Corporate law contains many legal subtleties, which makes a summarizing task
quite tricky.

The input of this sample is an excerpt of the corporate law in the state of Montana, USA:

In [14]:
#Montana Corporate Law
#https://corporations.uslegal.com/state-corporation-law/montanacorporation-law/#:~:text=Montana%20Corporation%20Law,carrying%20out%20its%20business%20activities.
text = """
The law regarding corporations prescribes that a corporation
can be incorporated in the state of Montana to serve any lawful
purpose. In the state of Montana, a corporation has all the powers
of a natural person for carrying out its business activities. The
corporation can sue and be sued in its corporate name. It has
perpetual succession. The corporation can buy, sell or otherwise
acquire an interest in a real or personal property. It can conduct
business, carry on operations, and have offices and exercise the powers
in a state, territory or district in possession of the U.S., or in a
foreign country. It can appoint officers and agents of the corporation
for various duties and fix their compensation.
The name of a corporation must contain the word "corporation" or
its abbreviation "corp." The name of a corporation should not be
deceptively similar to the name of another corporation incorporated
in the same state. It should not be deceptively identical to the
fictitious name adopted by a foreign corporation having business
transactions in the state.
The corporation is formed by one or more natural persons by executing
and filing articles of incorporation to the secretary of state of
filing.
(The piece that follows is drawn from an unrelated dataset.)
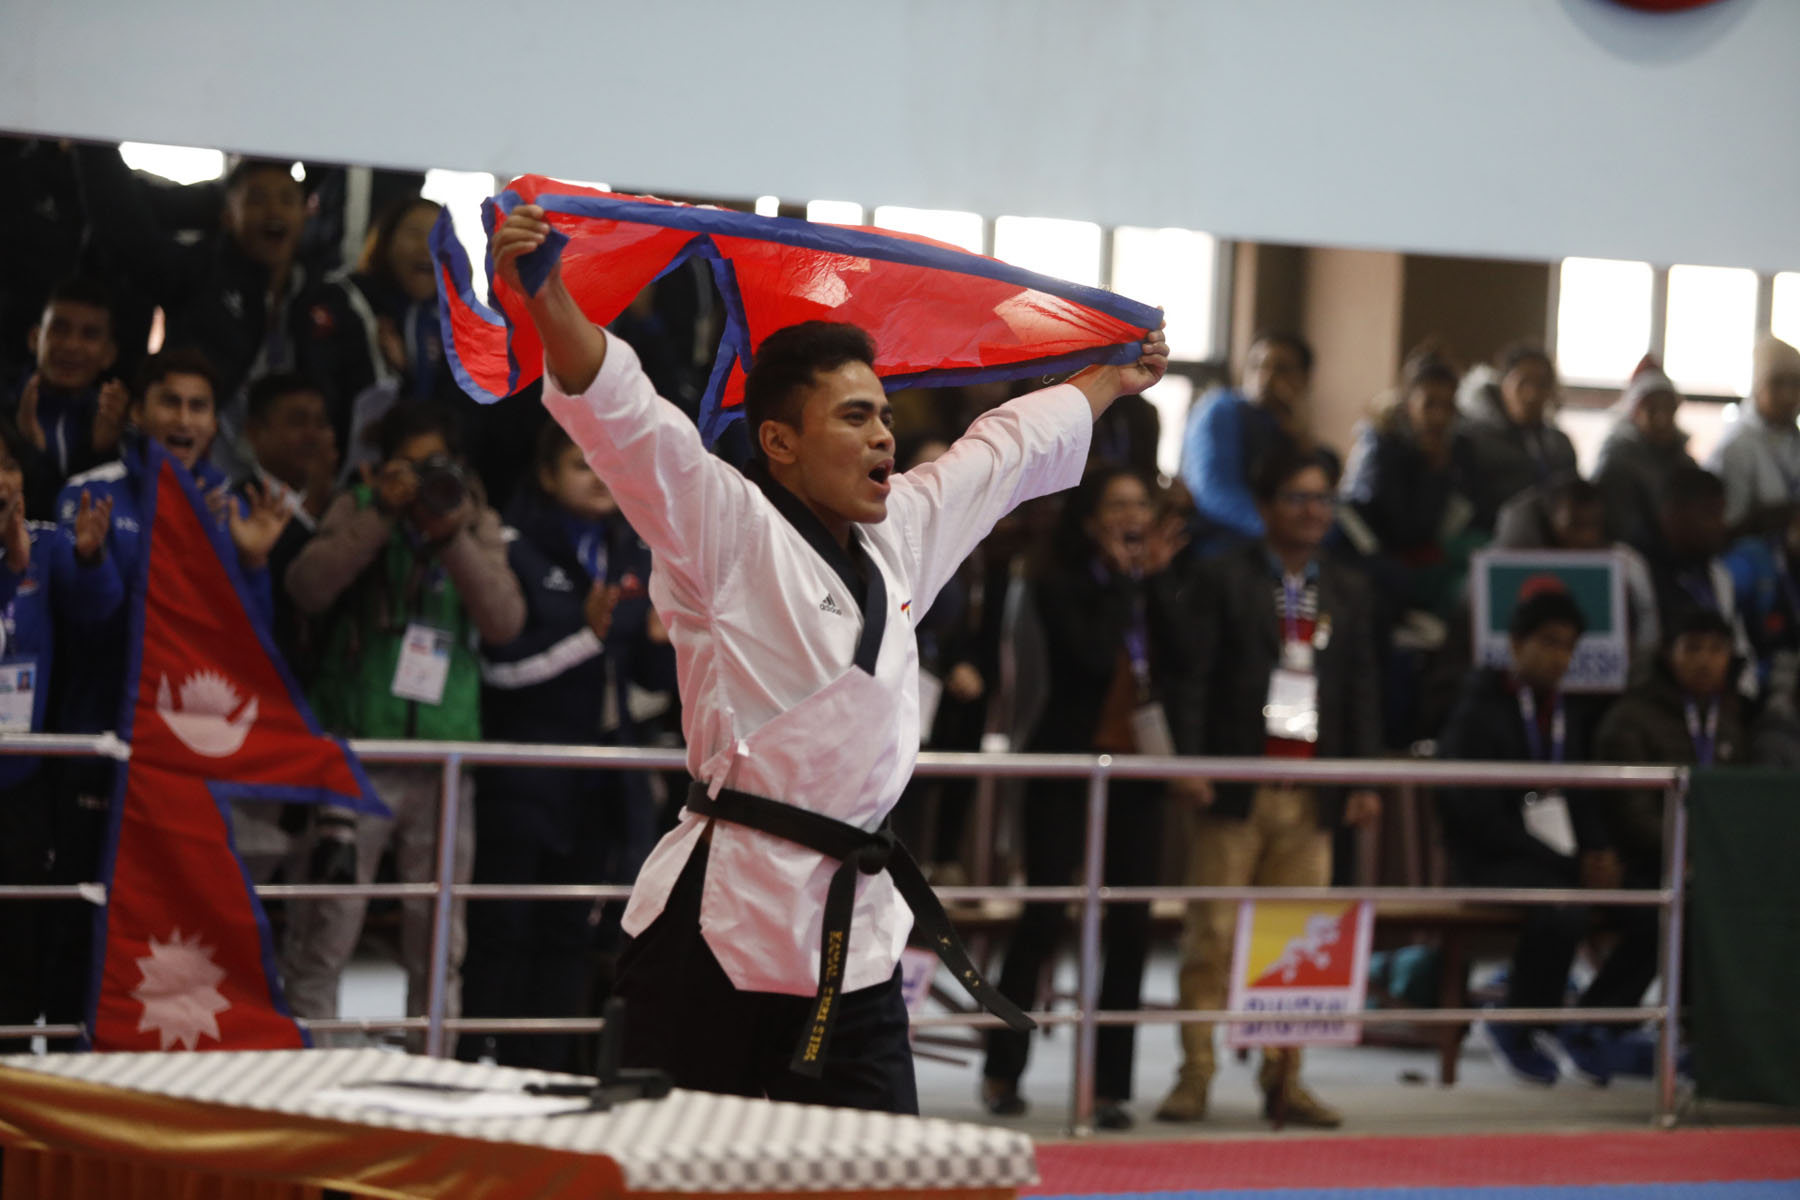 SAG 2019: List of medal winners for Nepal (updated)

The qualifications for directors are fixed either by articles
of incorporation or bylaws. The names and addresses of the initial
directors and purpose of incorporation should be set forth in the
articles of incorporation. The articles of incorporation should
contain the corporate name, the number of shares authorized to issue,
a brief statement of the character of business carried out by the
corporation, the names and addresses of the directors until successors
are elected, and name and addresses of incorporators. The shareholders
have the power to change the size of board of directors.
"""

print("Number of characters:", len(text))
summary = summarize(text, 50)
print("\n\nSummarized text: \n", summary)
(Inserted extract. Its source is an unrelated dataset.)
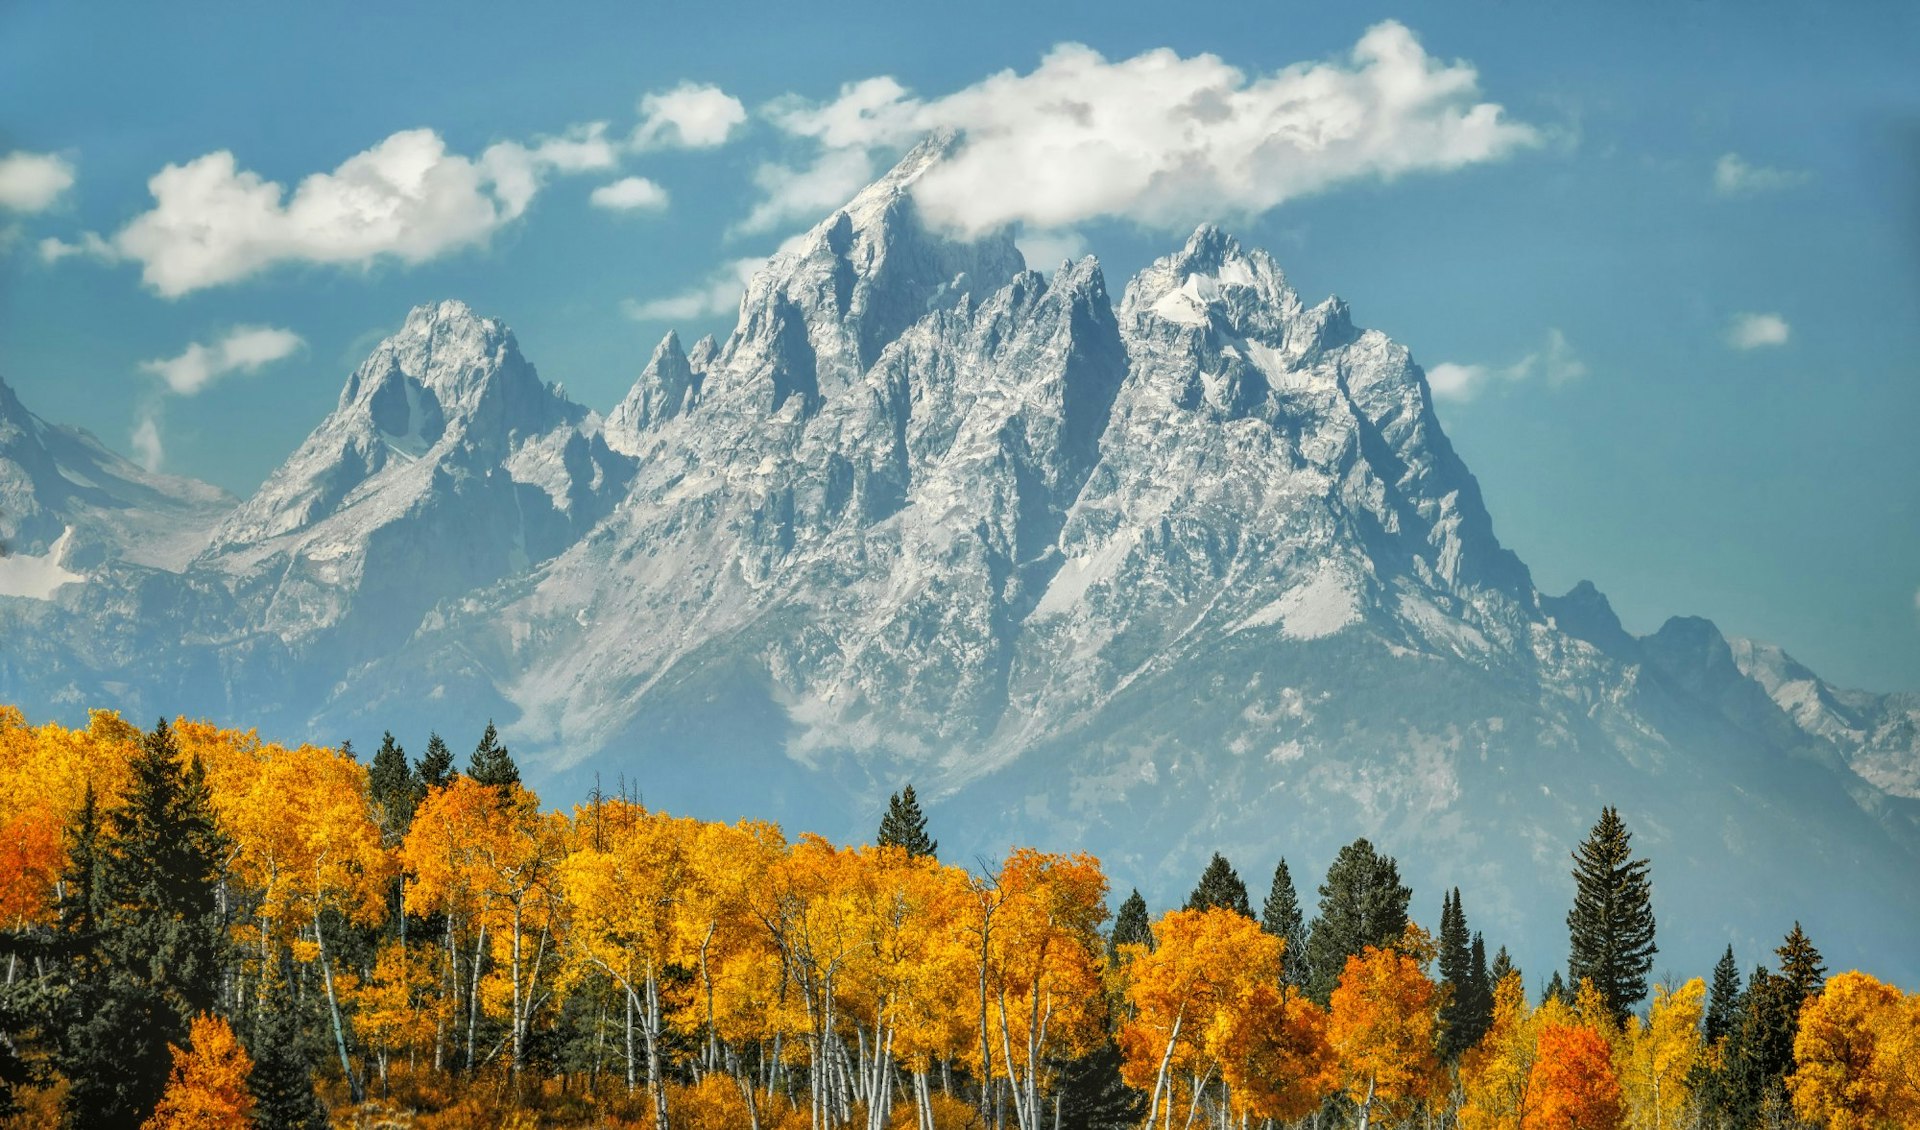 View of aspen trees in yellow and gold fall foliage with snow-capped Grand Teton mountains in distance

Number of characters: 1805
Preprocessed and prepared text: 
 summarize: The law regarding corporations prescribes that a corporationcan be incorporated in the state of Montana to serve any lawfulpurpose. In the state of Montana, a corporation has all the powersof a natural person for carrying out its business activities. Thecorporation can sue and be sued in its corporate name. It hasperpetual succession. The corporation can buy, sell or otherwiseacquire an interest in a real or personal property. It can conductbusiness, carry on operations, and have offices and exercise the powersin a state, territory or district in possession of the U.S., or in aforeign country. It can appoint officers and agents of the corporationfor various duties and fix their compensation.The name of a corporation must contain the word "corporation" orits abbreviation "corp." The name of a corporation should not bedeceptively similar to the name of another corporation incorporatedin the same state. It should not 

This time, T5 found some of the essential aspects of the text to summarize. Take
some time to try to incorporate samples of your own to see what happens. Play
with the parameters to see if it affects the outcome.